◆ **PROMPT**:
Go through the data below and repeat it exactly, skipping each picture.

◆ **DATASET EXCERPT**:
>>

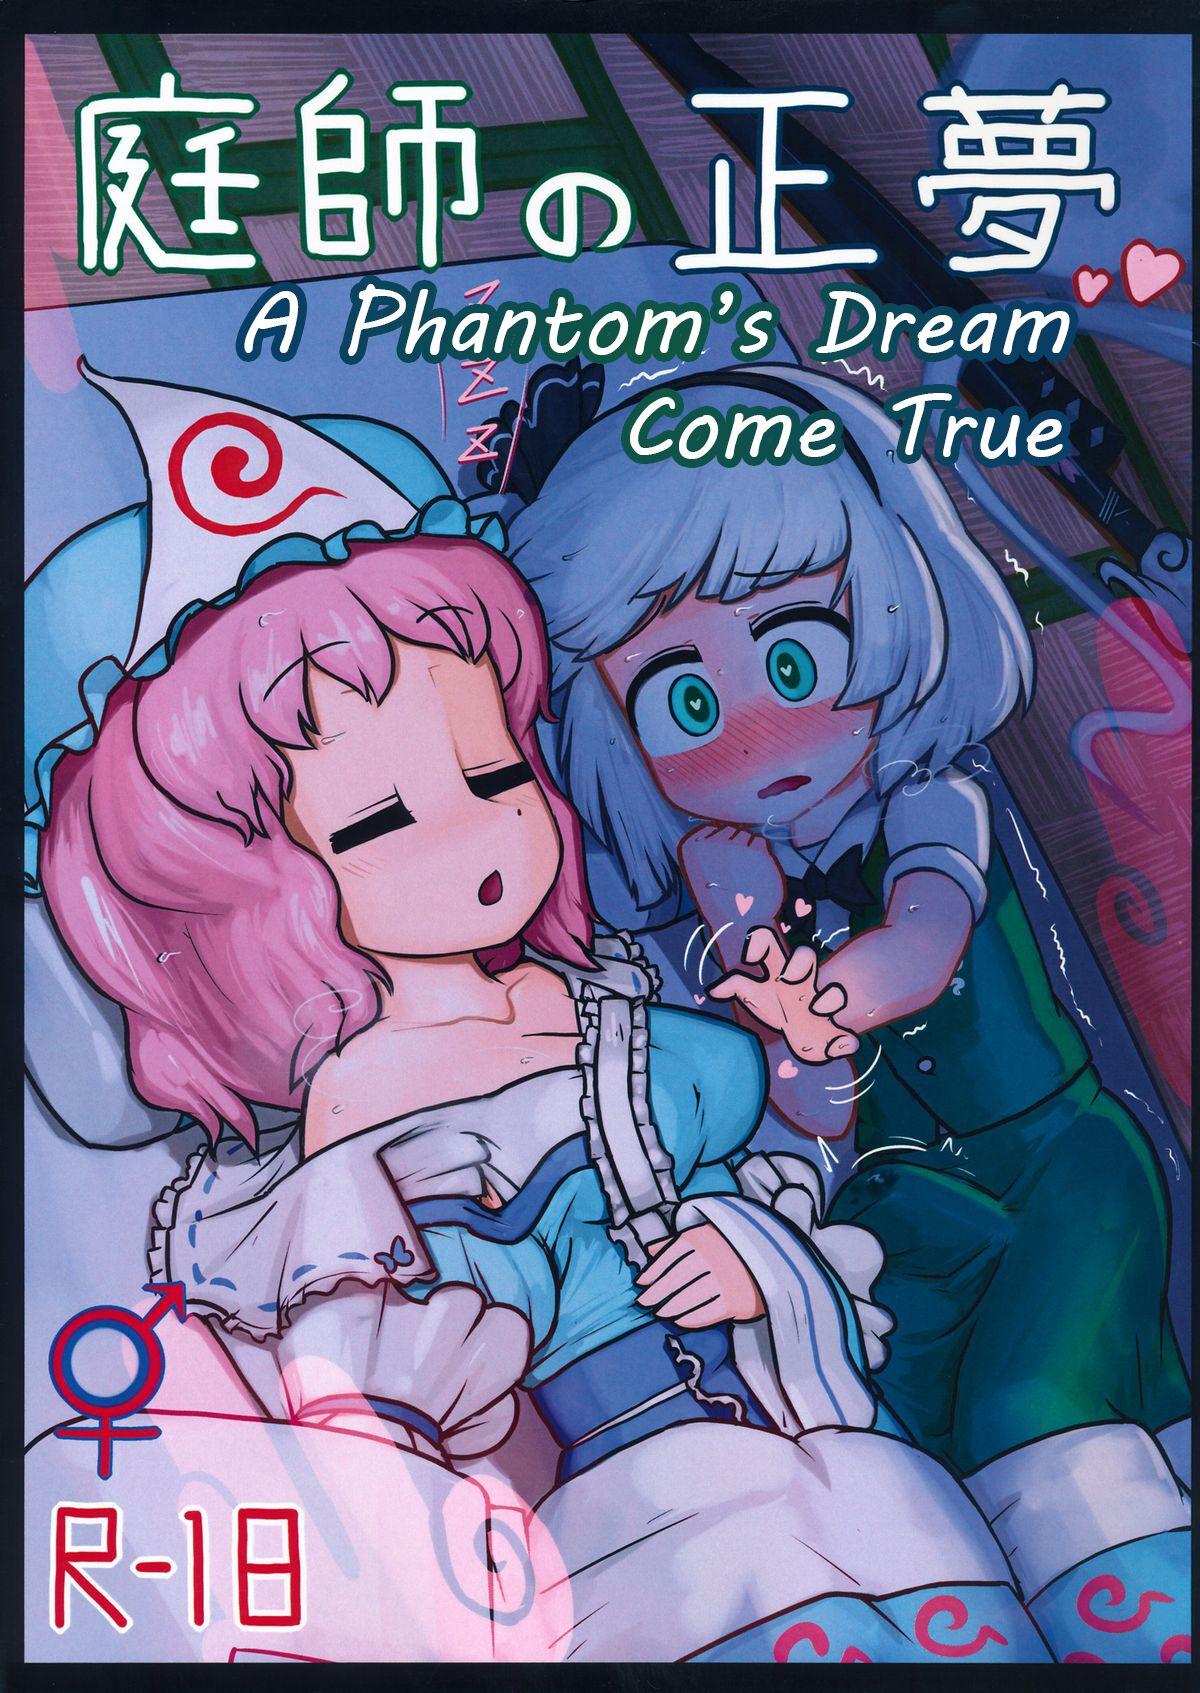 A Phantom's Dream Come True 1
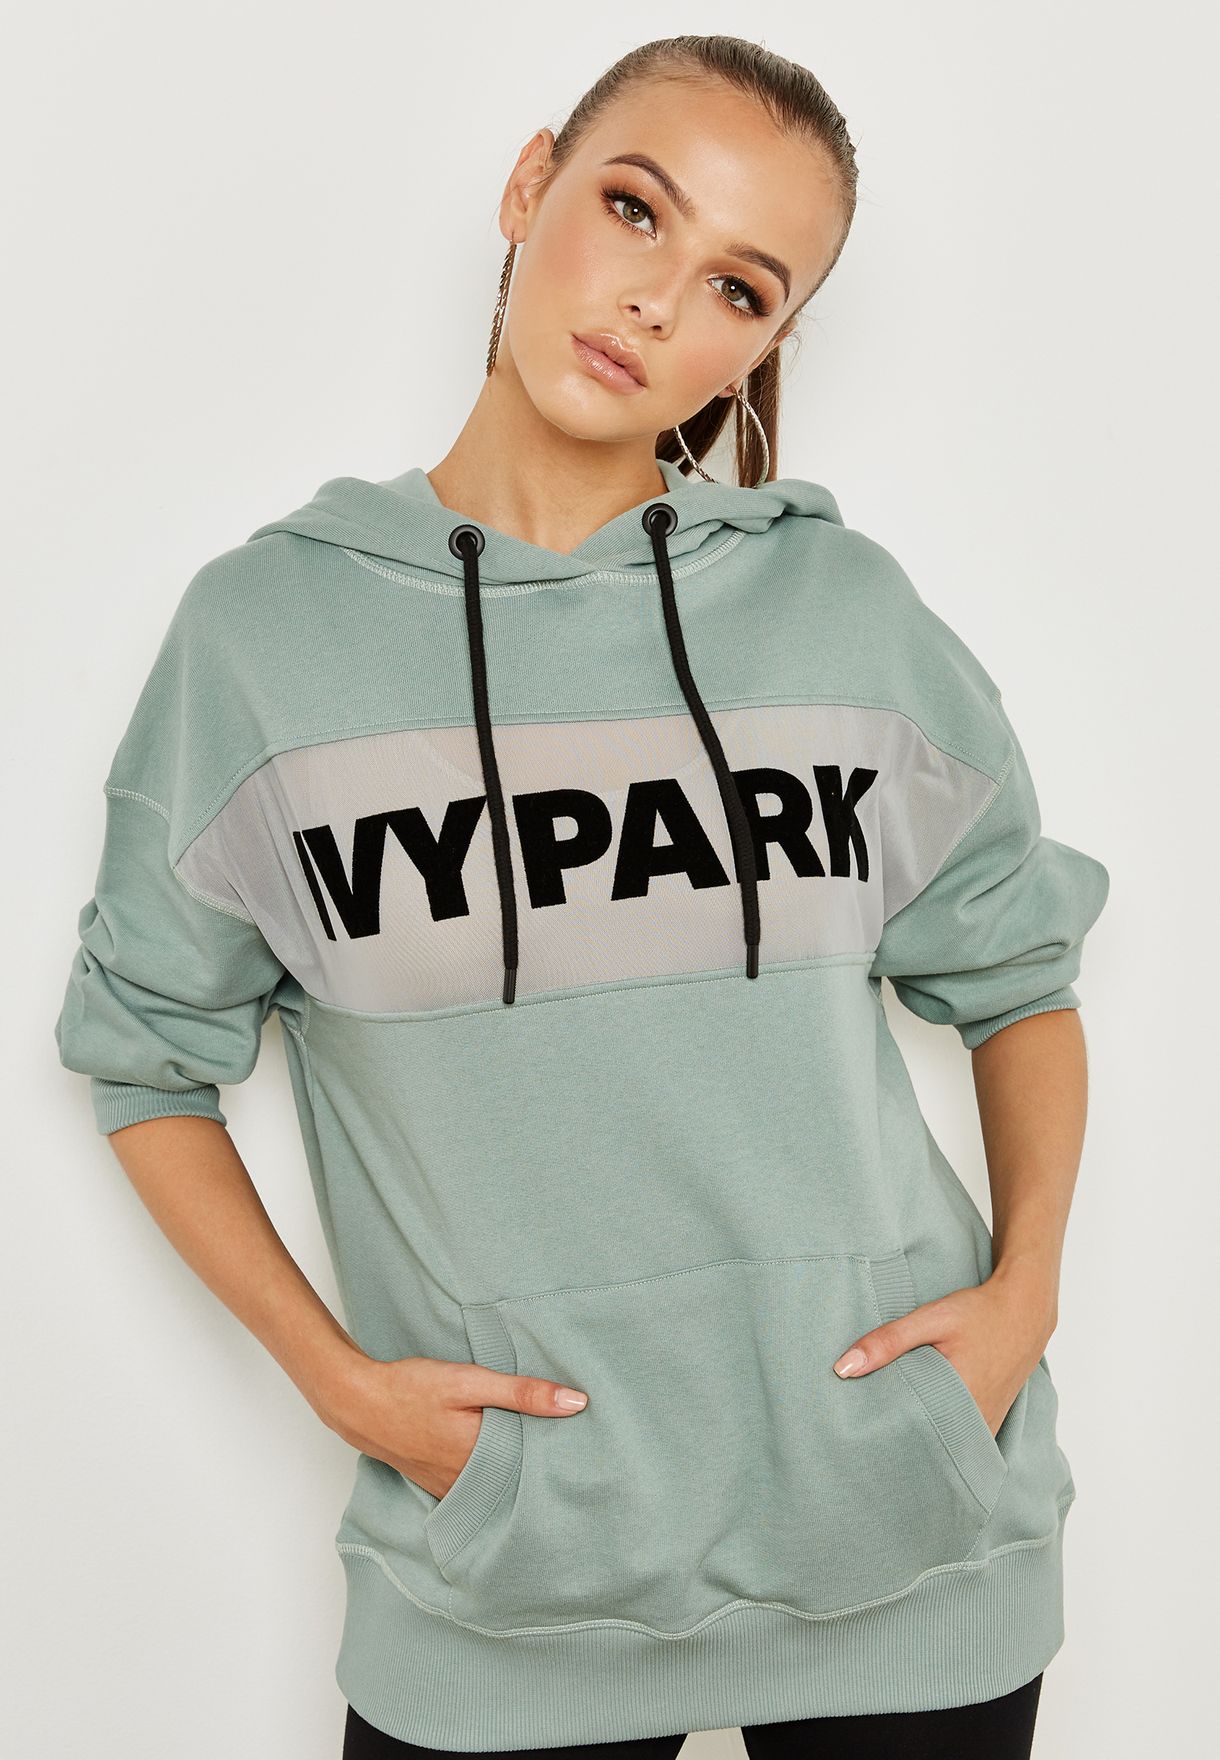 ivy park hoodie women's
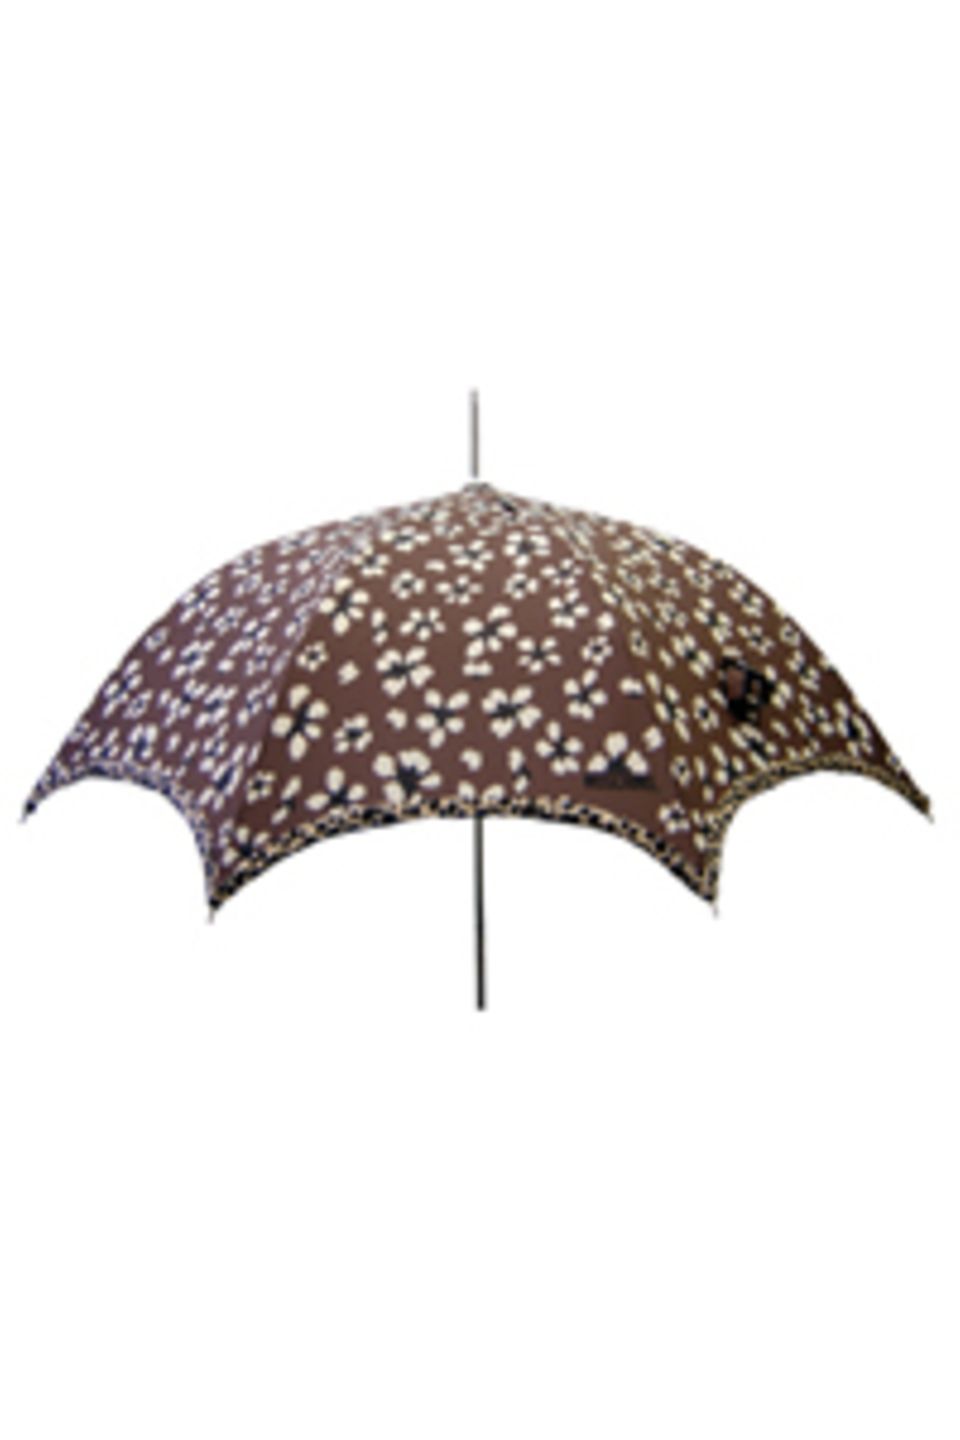 Regenschirm mit Leoparden-Muster von Moschino, um 85 Euro. Zu Bestellen über www.regenschirme.de
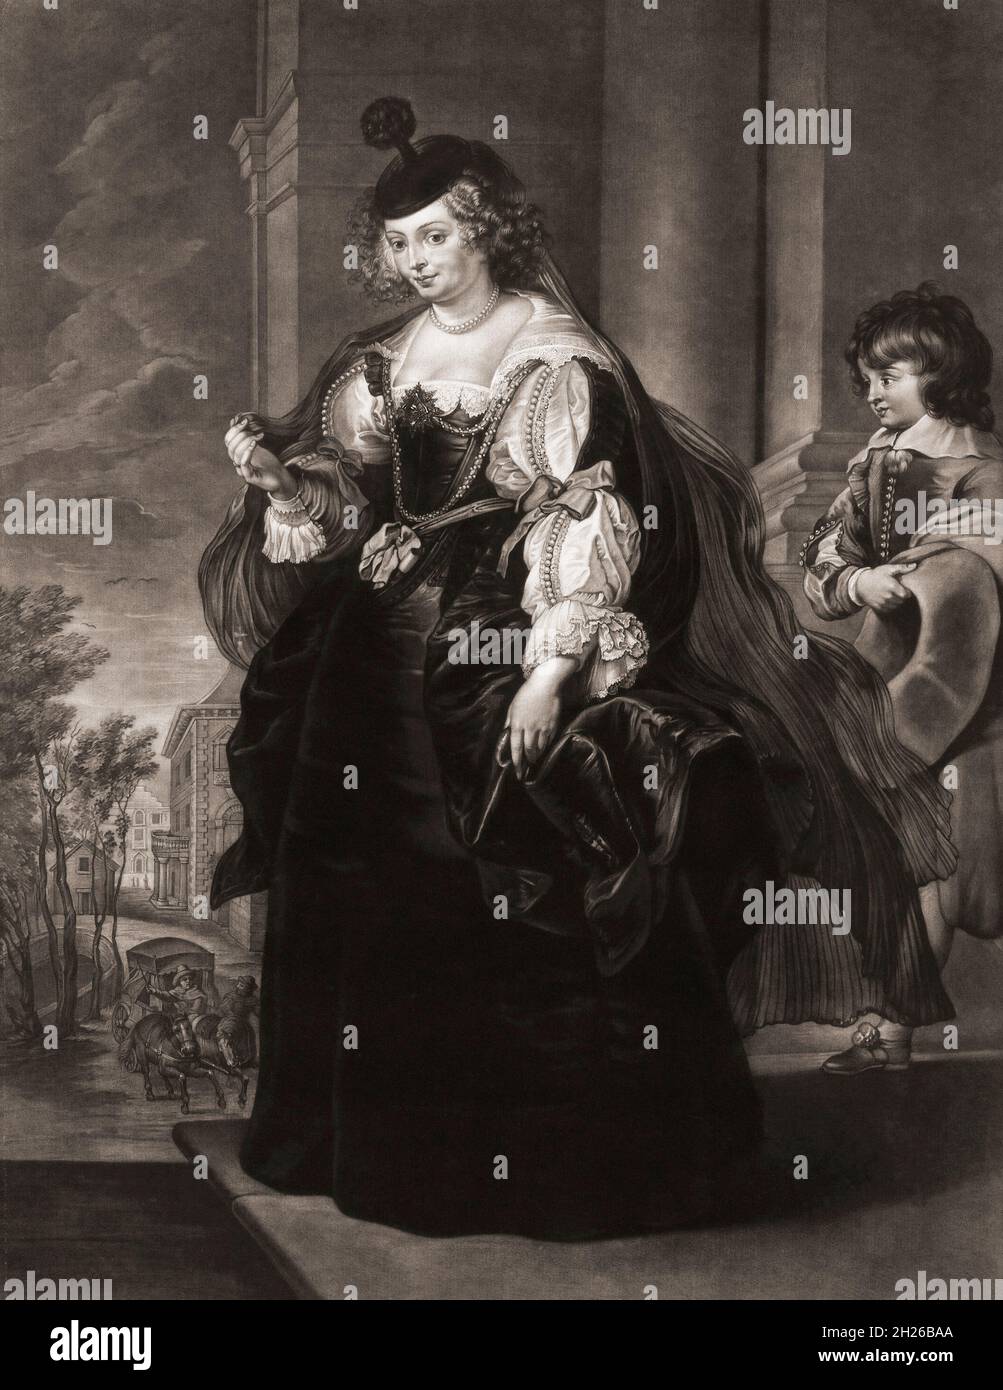 Helena Fourment o Helene Fourment, 1614 – 1673. Seconda moglie del pittore barocco Peter Paul Rubens. Ha modellato diversi ritratti per Rubens e anche per molte delle sue opere mitologiche e religiose. Da una stampa del XVIII secolo di Richard Earlom dopo un'opera di Peter Paul Rubens. Foto Stock

<<

◆ **EXERCISE SOLUTION**:
 A Phantom's Dream Come True 1
 ivy park hoodie women's
 Regenschirm mit Leoparden-Muster von Moschino, um 85 Euro. Zu Bestellen über www.regenschirme.de
 Helena Fourment o Helene Fourment, 1614 – 1673. Seconda moglie del pittore barocco Peter Paul Rubens. Ha modellato diversi ritratti per Rubens e anche per molte delle sue opere mitologiche e religiose. Da una stampa del XVIII secolo di Richard Earlom dopo un'opera di Peter Paul Rubens. Foto Stock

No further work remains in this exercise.